I soon discovered that if there are goods to be had in the world, they can be found on taobao. English language books, which previously required a hefty trek out to the big English language bookstore in Chaoyang, could now be purchased, both new and secondhand, on taobao. Current American magazines, stuff like Newsweek or People or Parenting, I could stock up on each month. Even food — comfort food like Macaroni and cheese or Mexican salsa — were only a click away. I even got ambitious with my taobao purchases, buying a pair of shoes, a walker for my son, and finally, a new computer. And while a lot of people are, perhaps rightfully, wary of shopping on the internet, I can truly say that I’ve never been ripped off, and that everything I’ve purchased has come in basically the condition it was promised. I have never had reason to give a bad review to any seller.
I’m grateful for this, because the sellers are often brutal in response to people who give a “poor” or even a “fair,” often “outing” them publicly by posting their home phone number and address and advising other sellers to never do business with these idiots who would dare express their displeasure over an internet transaction gone wrong. Sometimes, just for kicks, I’ll check out the seller reviews and deliberately click on the “poor” reviews just for the drama of it all. These people are worse than parenting boards, and that’s saying a lot. While I don’t really begrudge people the right to complain if they think they’ve been ripped off, a lot of buyers on taobao do seem to have unrealistic expectations about what they’re going to be getting for their 50RMB. And some people are just plain stupid. I’d be legitimately cheesed off if I was a seller and I got a “fair” with the accompanying comment saying “great seller, I’d shop here next time!”

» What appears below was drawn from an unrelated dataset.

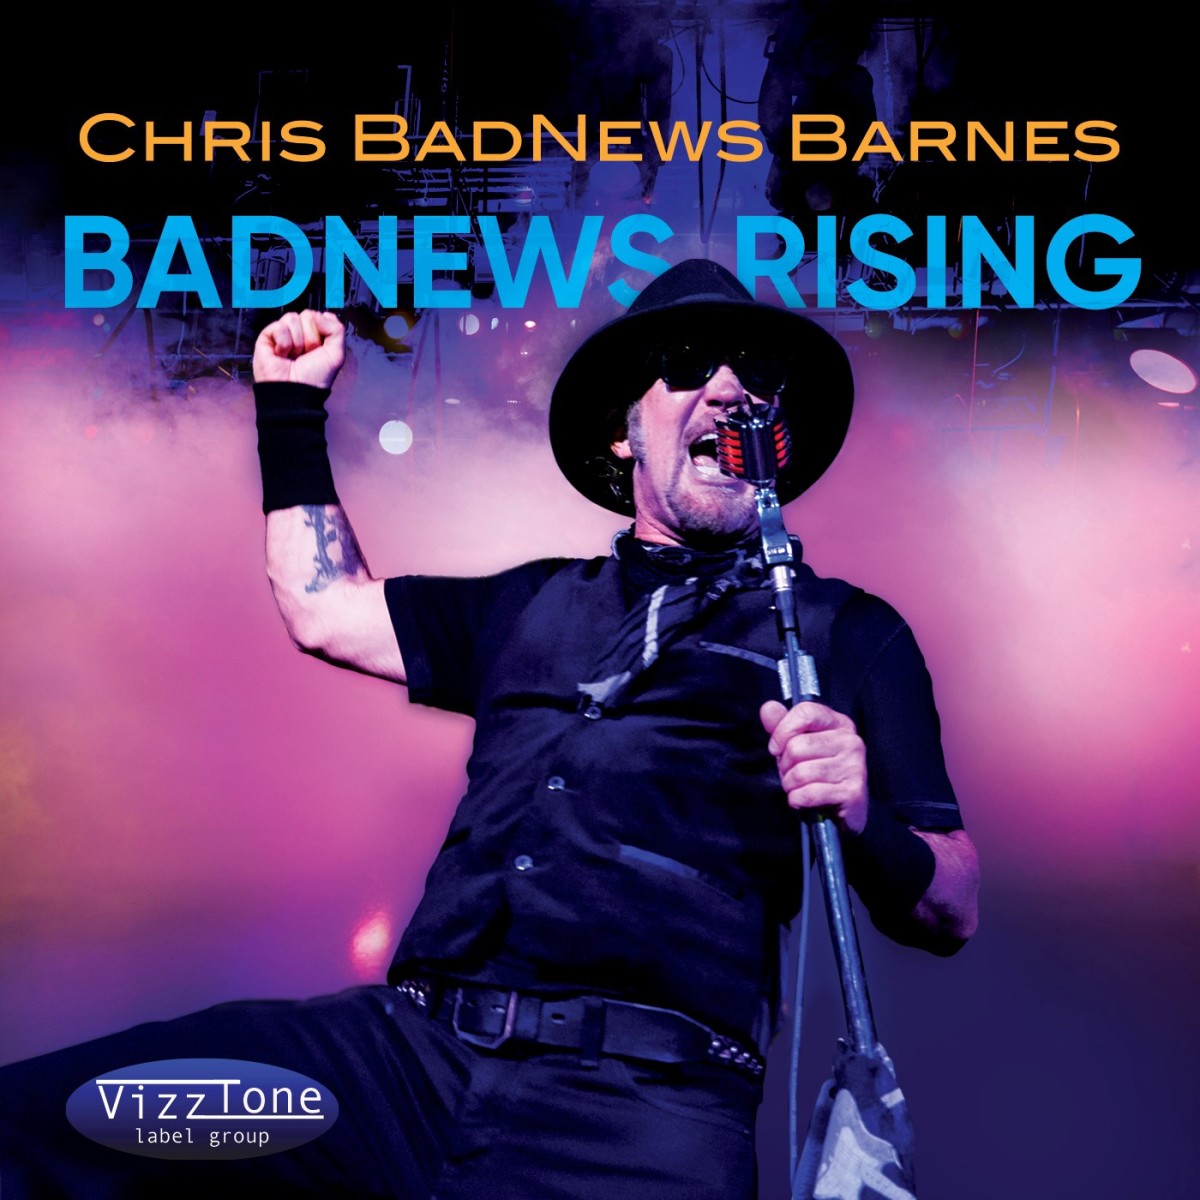 Chris bad News Barnes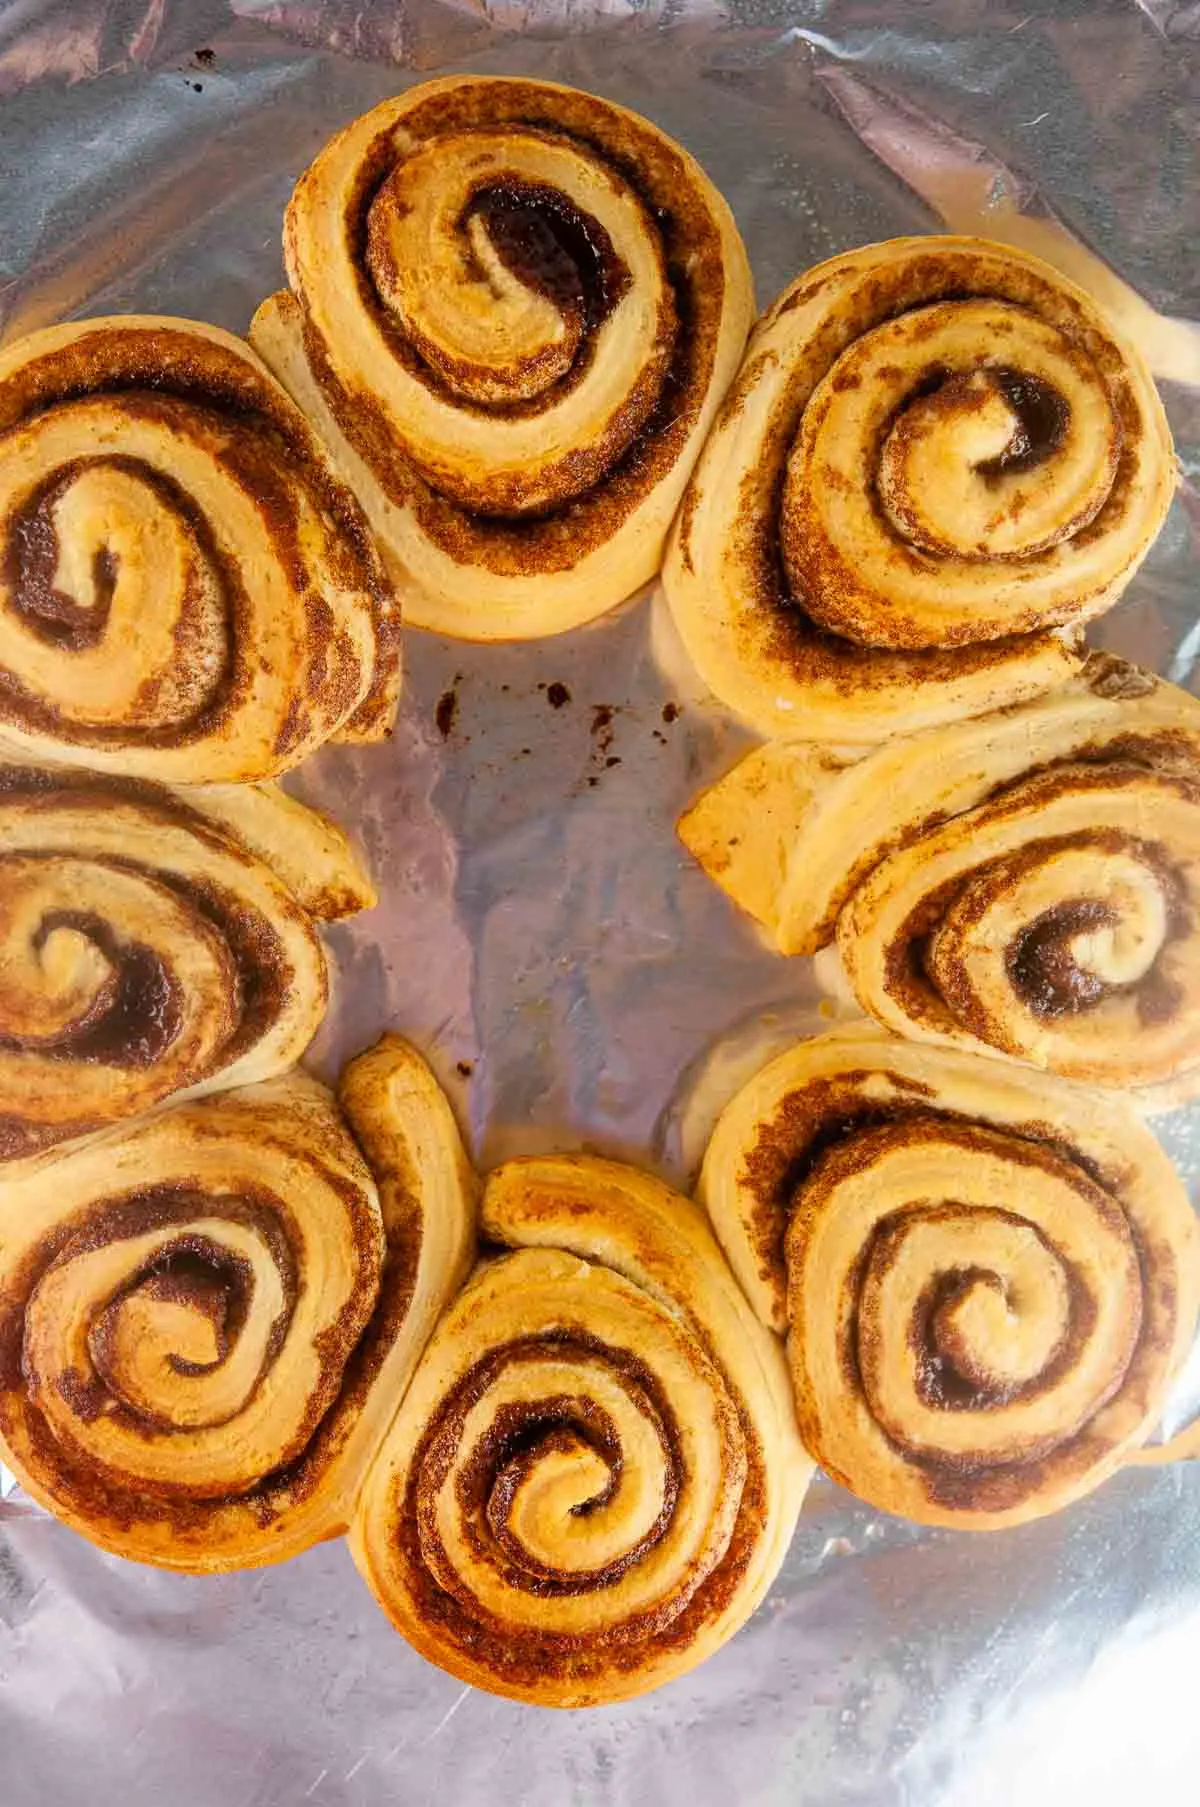 Bake the cinnamon roll wreath until the cinnamon rolls are golden brown.

Suffice to say, online shopping has become a major vice of mine, but one that has made living in a country like China a lot more manageable. One of my main complaints previously was being cut off from things like good books and salsa con queso, and now that complaint is no longer valid. Now if only the internet could deliver say, my little brother directly to my doorstep, I’d probably be happy to stay here forever.